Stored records
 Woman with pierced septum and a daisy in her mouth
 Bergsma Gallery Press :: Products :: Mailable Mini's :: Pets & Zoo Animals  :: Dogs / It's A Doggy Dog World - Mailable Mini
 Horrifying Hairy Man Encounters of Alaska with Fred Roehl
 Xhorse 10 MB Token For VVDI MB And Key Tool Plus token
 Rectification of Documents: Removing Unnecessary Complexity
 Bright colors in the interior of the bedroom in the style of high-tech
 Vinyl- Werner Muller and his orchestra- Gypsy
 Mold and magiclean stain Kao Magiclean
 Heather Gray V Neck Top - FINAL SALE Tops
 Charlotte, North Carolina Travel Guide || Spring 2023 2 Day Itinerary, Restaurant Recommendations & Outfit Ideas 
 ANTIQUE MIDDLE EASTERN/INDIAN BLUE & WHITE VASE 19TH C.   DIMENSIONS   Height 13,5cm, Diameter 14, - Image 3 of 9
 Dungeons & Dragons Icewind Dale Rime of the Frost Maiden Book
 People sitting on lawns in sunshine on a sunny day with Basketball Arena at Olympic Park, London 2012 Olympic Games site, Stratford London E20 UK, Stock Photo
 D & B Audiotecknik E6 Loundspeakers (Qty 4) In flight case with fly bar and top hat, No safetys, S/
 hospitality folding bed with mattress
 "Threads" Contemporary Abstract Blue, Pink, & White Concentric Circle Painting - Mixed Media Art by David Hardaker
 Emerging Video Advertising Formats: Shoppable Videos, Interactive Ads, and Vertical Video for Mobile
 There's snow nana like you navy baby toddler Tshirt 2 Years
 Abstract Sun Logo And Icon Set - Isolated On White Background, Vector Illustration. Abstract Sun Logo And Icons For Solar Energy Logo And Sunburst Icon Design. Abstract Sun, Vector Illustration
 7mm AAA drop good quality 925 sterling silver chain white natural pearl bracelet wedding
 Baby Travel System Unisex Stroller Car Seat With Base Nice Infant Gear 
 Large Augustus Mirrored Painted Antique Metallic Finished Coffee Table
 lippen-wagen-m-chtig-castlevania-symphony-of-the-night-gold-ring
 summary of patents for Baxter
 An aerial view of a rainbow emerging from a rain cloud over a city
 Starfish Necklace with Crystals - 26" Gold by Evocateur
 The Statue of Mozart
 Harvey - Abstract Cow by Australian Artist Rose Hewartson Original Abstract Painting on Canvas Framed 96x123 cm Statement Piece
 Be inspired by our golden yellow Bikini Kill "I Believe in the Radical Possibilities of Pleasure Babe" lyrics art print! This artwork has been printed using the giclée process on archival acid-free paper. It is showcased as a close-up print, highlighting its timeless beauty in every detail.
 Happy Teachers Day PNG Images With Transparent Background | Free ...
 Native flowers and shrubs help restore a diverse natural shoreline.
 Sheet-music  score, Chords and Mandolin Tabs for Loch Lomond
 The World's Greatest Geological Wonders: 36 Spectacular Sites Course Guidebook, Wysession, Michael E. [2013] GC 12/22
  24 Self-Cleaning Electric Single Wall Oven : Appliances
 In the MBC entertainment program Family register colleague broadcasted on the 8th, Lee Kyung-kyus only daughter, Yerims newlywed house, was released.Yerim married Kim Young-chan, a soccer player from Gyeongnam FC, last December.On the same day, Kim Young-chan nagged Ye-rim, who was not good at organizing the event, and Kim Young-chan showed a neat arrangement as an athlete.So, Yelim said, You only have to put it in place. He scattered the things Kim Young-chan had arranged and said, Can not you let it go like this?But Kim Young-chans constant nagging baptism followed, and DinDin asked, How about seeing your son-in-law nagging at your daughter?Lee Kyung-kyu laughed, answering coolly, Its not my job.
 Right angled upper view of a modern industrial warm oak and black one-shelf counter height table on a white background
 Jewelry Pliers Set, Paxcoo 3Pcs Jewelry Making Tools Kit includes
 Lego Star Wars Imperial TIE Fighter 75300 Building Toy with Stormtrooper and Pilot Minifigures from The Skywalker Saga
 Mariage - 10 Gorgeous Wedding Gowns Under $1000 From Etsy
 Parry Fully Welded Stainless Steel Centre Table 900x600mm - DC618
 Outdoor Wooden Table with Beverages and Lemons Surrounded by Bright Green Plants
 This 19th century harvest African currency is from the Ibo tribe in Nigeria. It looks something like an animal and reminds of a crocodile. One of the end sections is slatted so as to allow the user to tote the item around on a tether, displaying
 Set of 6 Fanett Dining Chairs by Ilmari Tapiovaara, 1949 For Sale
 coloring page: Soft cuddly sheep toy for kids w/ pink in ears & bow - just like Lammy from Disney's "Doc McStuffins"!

[DIRECTIONS FOR THIS TASK]:
Transcribe the records above exactly, keeping every line.

[RESULT FOR THIS TASK]:
 Woman with pierced septum and a daisy in her mouth
 Bergsma Gallery Press :: Products :: Mailable Mini's :: Pets & Zoo Animals  :: Dogs / It's A Doggy Dog World - Mailable Mini
 Horrifying Hairy Man Encounters of Alaska with Fred Roehl
 Xhorse 10 MB Token For VVDI MB And Key Tool Plus token
 Rectification of Documents: Removing Unnecessary Complexity
 Bright colors in the interior of the bedroom in the style of high-tech
 Vinyl- Werner Muller and his orchestra- Gypsy
 Mold and magiclean stain Kao Magiclean
 Heather Gray V Neck Top - FINAL SALE Tops
 Charlotte, North Carolina Travel Guide || Spring 2023 2 Day Itinerary, Restaurant Recommendations & Outfit Ideas 
 ANTIQUE MIDDLE EASTERN/INDIAN BLUE & WHITE VASE 19TH C.   DIMENSIONS   Height 13,5cm, Diameter 14, - Image 3 of 9
 Dungeons & Dragons Icewind Dale Rime of the Frost Maiden Book
 People sitting on lawns in sunshine on a sunny day with Basketball Arena at Olympic Park, London 2012 Olympic Games site, Stratford London E20 UK, Stock Photo
 D & B Audiotecknik E6 Loundspeakers (Qty 4) In flight case with fly bar and top hat, No safetys, S/
 hospitality folding bed with mattress
 "Threads" Contemporary Abstract Blue, Pink, & White Concentric Circle Painting - Mixed Media Art by David Hardaker
 Emerging Video Advertising Formats: Shoppable Videos, Interactive Ads, and Vertical Video for Mobile
 There's snow nana like you navy baby toddler Tshirt 2 Years
 Abstract Sun Logo And Icon Set - Isolated On White Background, Vector Illustration. Abstract Sun Logo And Icons For Solar Energy Logo And Sunburst Icon Design. Abstract Sun, Vector Illustration
 7mm AAA drop good quality 925 sterling silver chain white natural pearl bracelet wedding
 Baby Travel System Unisex Stroller Car Seat With Base Nice Infant Gear 
 Large Augustus Mirrored Painted Antique Metallic Finished Coffee Table
 lippen-wagen-m-chtig-castlevania-symphony-of-the-night-gold-ring
 summary of patents for Baxter
 An aerial view of a rainbow emerging from a rain cloud over a city
 Starfish Necklace with Crystals - 26" Gold by Evocateur
 The Statue of Mozart
 Harvey - Abstract Cow by Australian Artist Rose Hewartson Original Abstract Painting on Canvas Framed 96x123 cm Statement Piece
 Be inspired by our golden yellow Bikini Kill "I Believe in the Radical Possibilities of Pleasure Babe" lyrics art print! This artwork has been printed using the giclée process on archival acid-free paper. It is showcased as a close-up print, highlighting its timeless beauty in every detail.
 Happy Teachers Day PNG Images With Transparent Background | Free ...
 Native flowers and shrubs help restore a diverse natural shoreline.
 Sheet-music  score, Chords and Mandolin Tabs for Loch Lomond
 The World's Greatest Geological Wonders: 36 Spectacular Sites Course Guidebook, Wysession, Michael E. [2013] GC 12/22
  24 Self-Cleaning Electric Single Wall Oven : Appliances
 In the MBC entertainment program Family register colleague broadcasted on the 8th, Lee Kyung-kyus only daughter, Yerims newlywed house, was released.Yerim married Kim Young-chan, a soccer player from Gyeongnam FC, last December.On the same day, Kim Young-chan nagged Ye-rim, who was not good at organizing the event, and Kim Young-chan showed a neat arrangement as an athlete.So, Yelim said, You only have to put it in place. He scattered the things Kim Young-chan had arranged and said, Can not you let it go like this?But Kim Young-chans constant nagging baptism followed, and DinDin asked, How about seeing your son-in-law nagging at your daughter?Lee Kyung-kyu laughed, answering coolly, Its not my job.
 Right angled upper view of a modern industrial warm oak and black one-shelf counter height table on a white background
 Jewelry Pliers Set, Paxcoo 3Pcs Jewelry Making Tools Kit includes
 Lego Star Wars Imperial TIE Fighter 75300 Building Toy with Stormtrooper and Pilot Minifigures from The Skywalker Saga
 Mariage - 10 Gorgeous Wedding Gowns Under $1000 From Etsy
 Parry Fully Welded Stainless Steel Centre Table 900x600mm - DC618
 Outdoor Wooden Table with Beverages and Lemons Surrounded by Bright Green Plants
 This 19th century harvest African currency is from the Ibo tribe in Nigeria. It looks something like an animal and reminds of a crocodile. One of the end sections is slatted so as to allow the user to tote the item around on a tether, displaying
 Set of 6 Fanett Dining Chairs by Ilmari Tapiovaara, 1949 For Sale
 coloring page: Soft cuddly sheep toy for kids w/ pink in ears & bow - just like Lammy from Disney's "Doc McStuffins"!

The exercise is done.